◆ What you have to do ◆
In the listing below, find the line with "Form CR-59 Warrant" and the line with "Background Chanel Image Gallery", then return them and every line between them exactly, minus the pictures.

◆ Material shown ◆
------
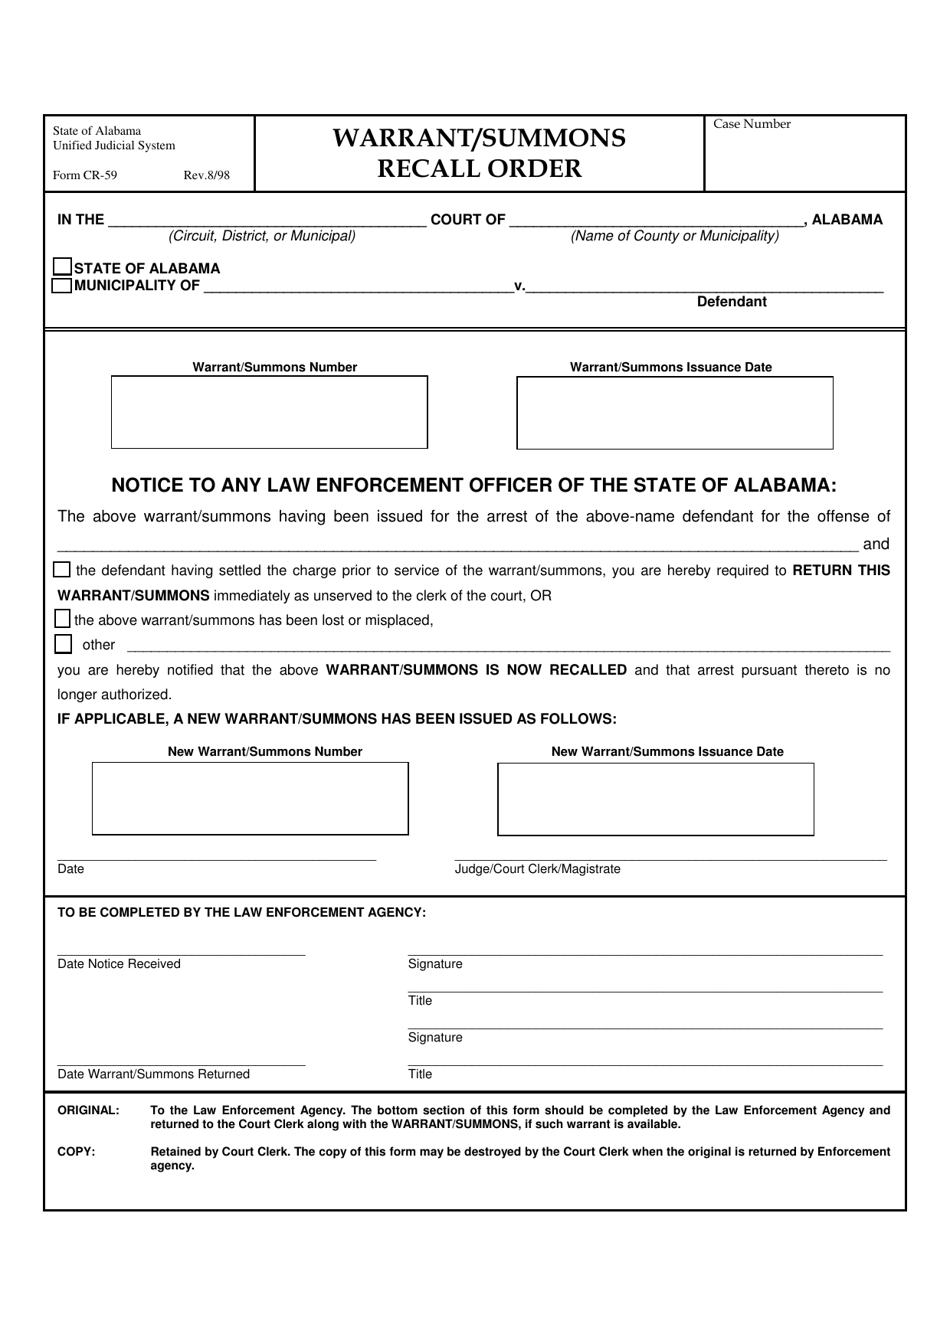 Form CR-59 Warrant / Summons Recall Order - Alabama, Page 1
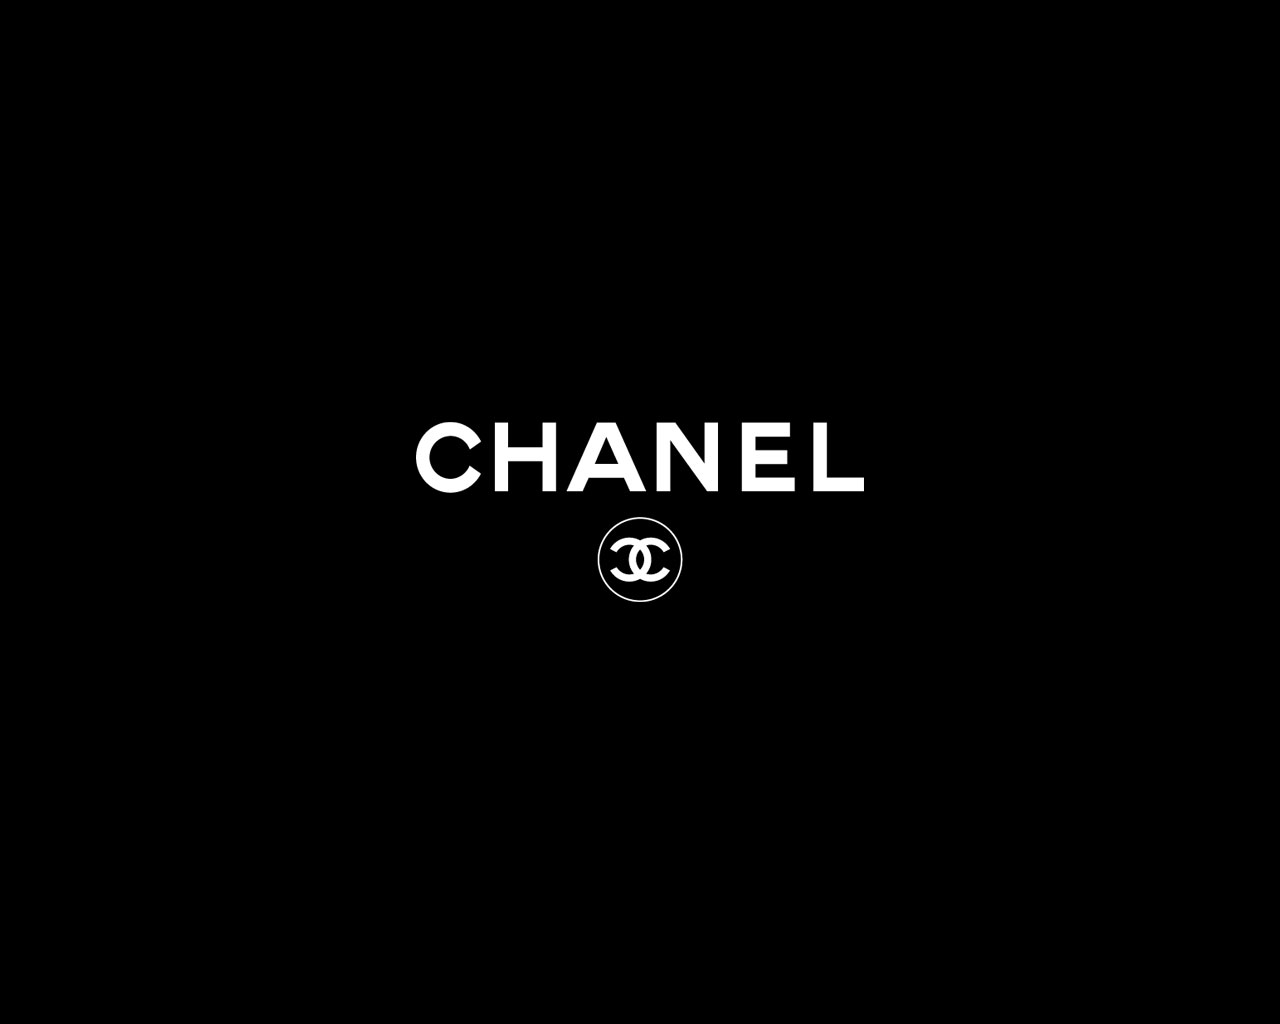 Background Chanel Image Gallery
------
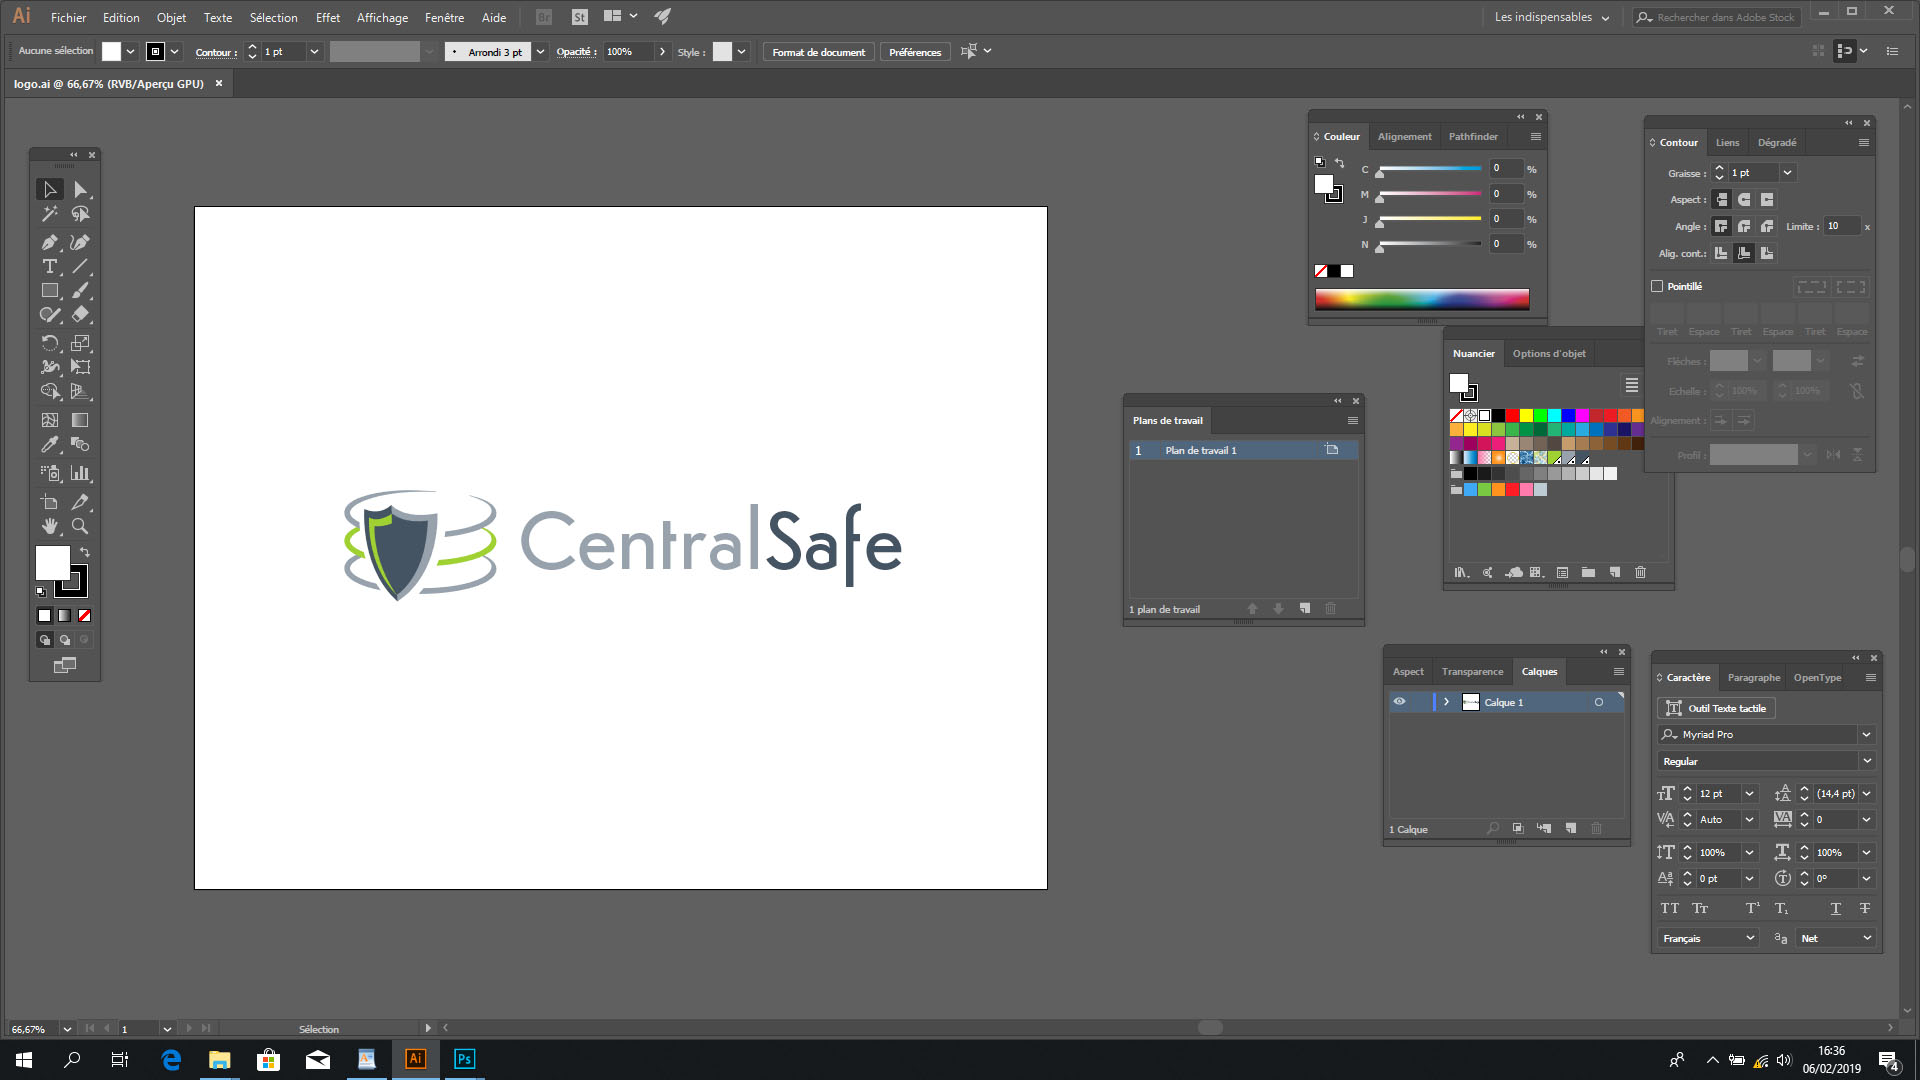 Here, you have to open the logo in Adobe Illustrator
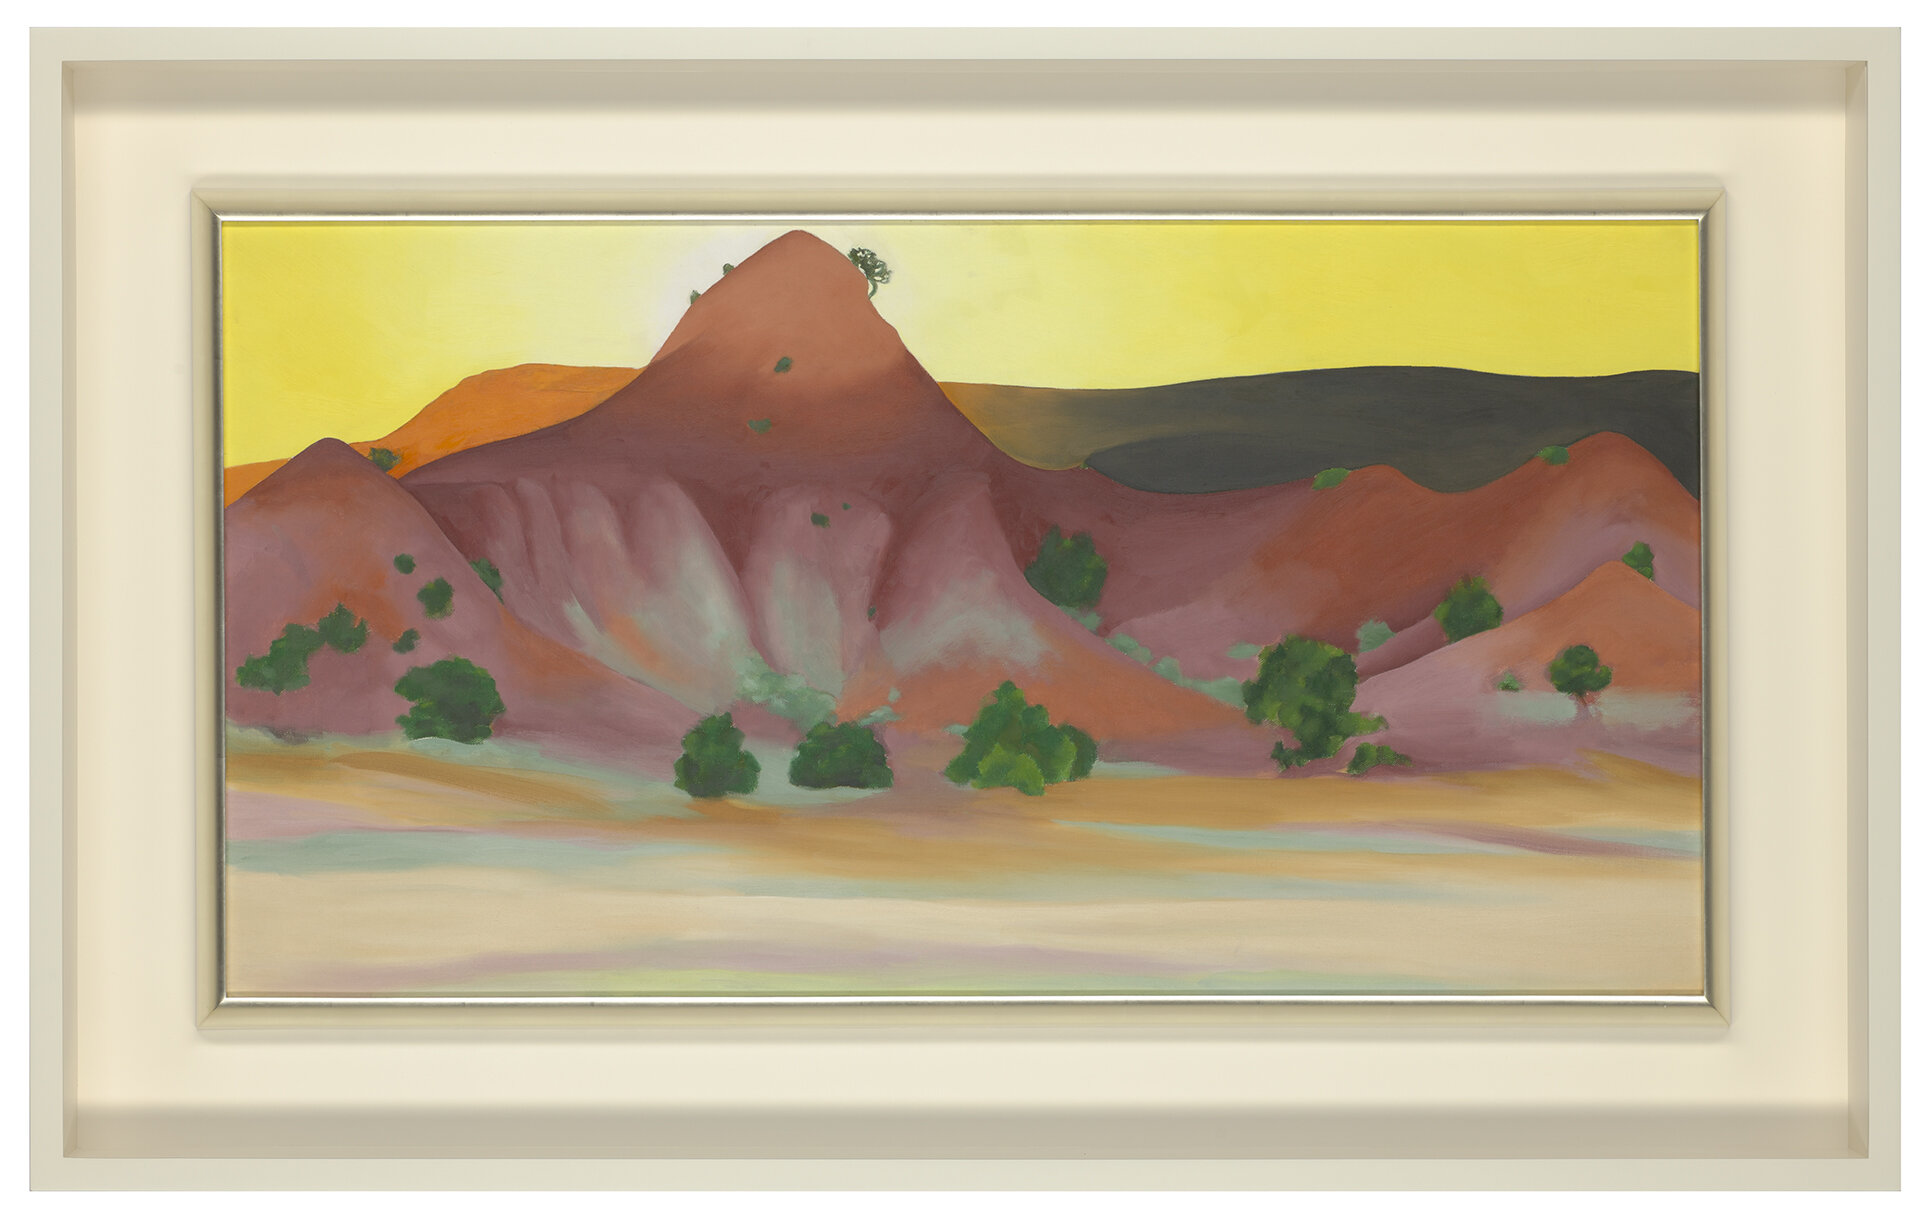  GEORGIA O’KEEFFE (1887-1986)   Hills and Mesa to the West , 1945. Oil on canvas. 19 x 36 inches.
------
◆ Solution below ◆
 Form CR-59 Warrant / Summons Recall Order - Alabama, Page 1
 Background Chanel Image Gallery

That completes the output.